I’m curious how Python code generation is able to tell a variable is going to be needed in an inner function and put it in enclosing scope. This is specific to the thinking of compilation and code generation because I am trying to implement similar for a personal project.
Some reference code:
>>> def outer():
... a = 100
... def inner():
... return a + 1
... b = inner()
... return b
...
>>> from dis import dis
>>> dis(outer)
2 0 LOAD_CONST 1 (100)
2 STORE_DEREF 0 (a)
3 4 LOAD_CLOSURE 0 (a)
6 BUILD_TUPLE 1
8 LOAD_CONST 2 (<code object inner at 0x000001869788BC90, file "<stdin>", line 3>)
10 LOAD_CONST 3 ('outer.<locals>.inner')
12 MAKE_FUNCTION 8 (closure)
14 STORE_FAST 0 (inner)
5 16 LOAD_FAST 0 (inner)
18 CALL_FUNCTION 0
20 STORE_FAST 1 (b)
6 22 LOAD_FAST 1 (b)
24 RETURN_VALUE
Disassembly of <code object inner at 0x000001869788BC90, file "<stdin>", line 3>:
4 0 LOAD_DEREF 0 (a)
2 LOAD_CONST 1 (1)
4 BINARY_ADD
6 RETURN_VALUE
The interpreter knew to use a STORE_DEREF for the a variable in the outer function. I guess I should also highlight it knows to use LOAD_CLOSURE too. Just to be thorough, this becomes a STORE_FAST if the variable isn’t in enclosing scope:
>>> def outer2():
... a = 100
... def inner():
... return 1
... b = a + inner()
... return b
...
>>> dis(outer2)
2 0 LOAD_CONST 1 (100)
2 STORE_FAST 0 (a)
3 4 LOAD_CONST 2 (<code object inner at 0x0000018697DA2DF0, file "<stdin>", line 3>)

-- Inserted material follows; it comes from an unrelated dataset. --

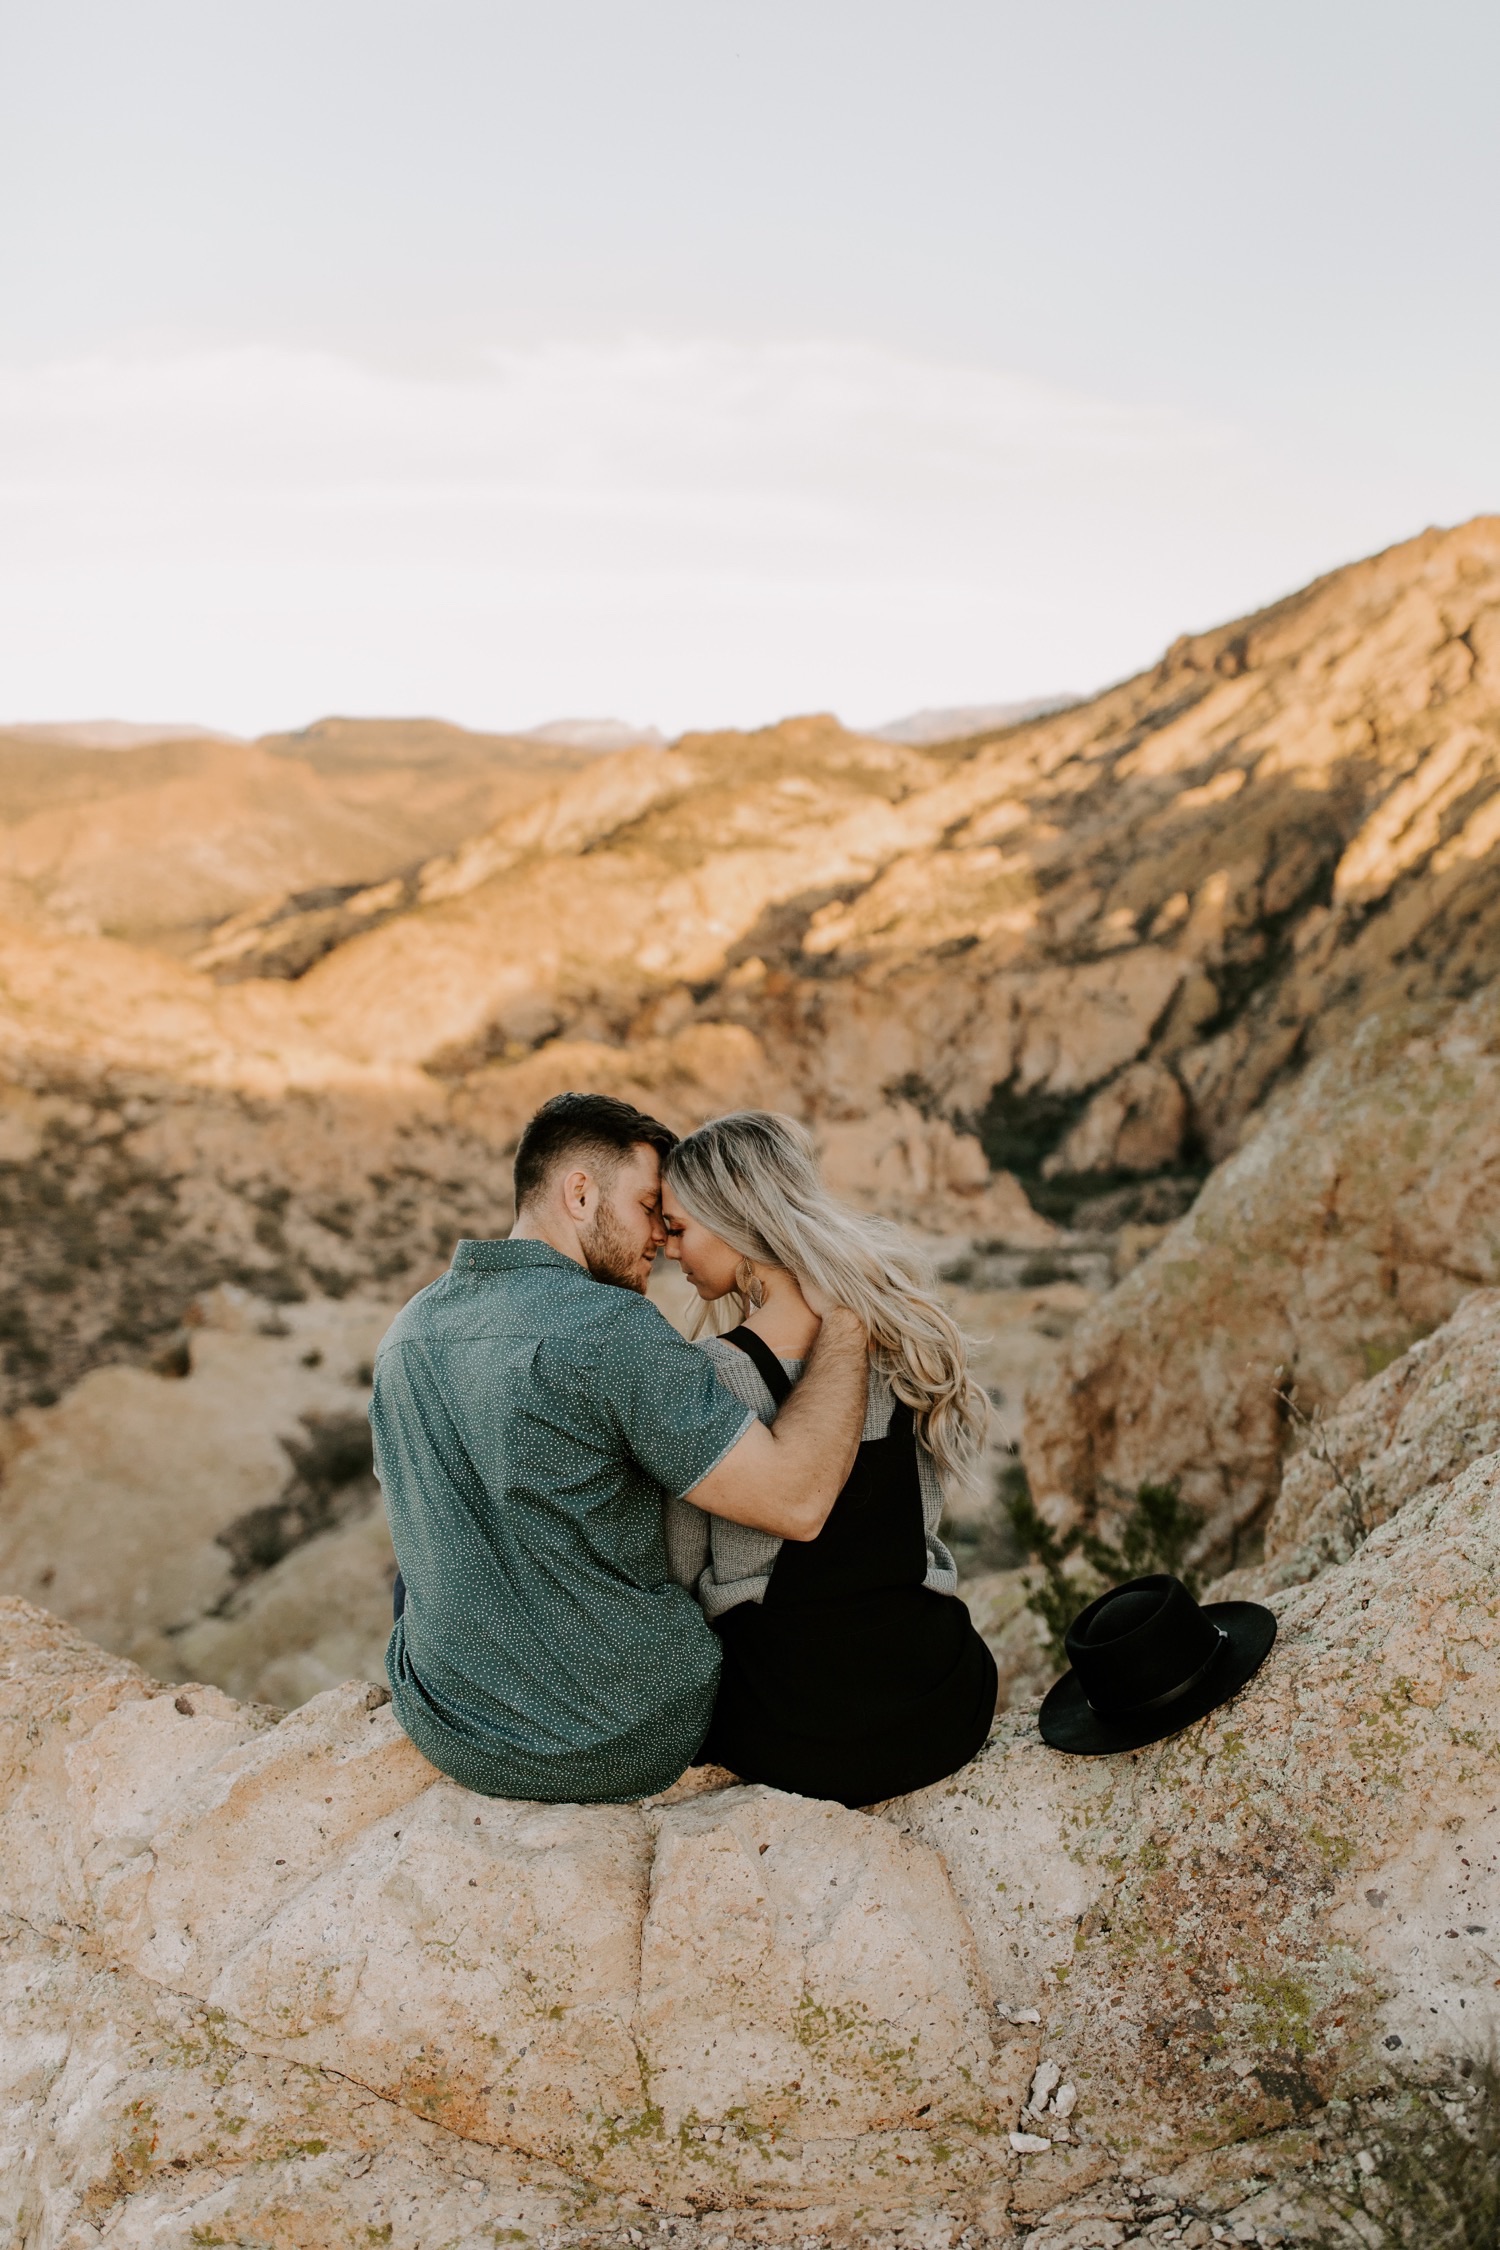 Desert mountain views for this couples engagement session in the Arizona

6 LOAD_CONST 3 ('outer2.<locals>.inner')
8 MAKE_FUNCTION 0
10 STORE_FAST 1 (inner)
5 12 LOAD_FAST 0 (a)
14 LOAD_FAST 1 (inner)
16 CALL_FUNCTION 0
18 BINARY_ADD
20 STORE_FAST 2 (b)
6 22 LOAD_FAST 2 (b)
24 RETURN_VALUE
Disassembly of <code object inner at 0x0000018697DA2DF0, file "<stdin>", line 3>:
4 0 LOAD_CONST 1 (1)
2 RETURN_VALUE
All I can really think is that the parser is detecting all the functions underneath the existing on, generating the code for them first, keeping track of the variables involved, and then exploring that from higher levels.
The one strike against this is that code objects aren’t identified first. In outer(), the code object for inner is symbol 2 and not 0. Is it really doing this on the fly and fixing it up afterwards or something?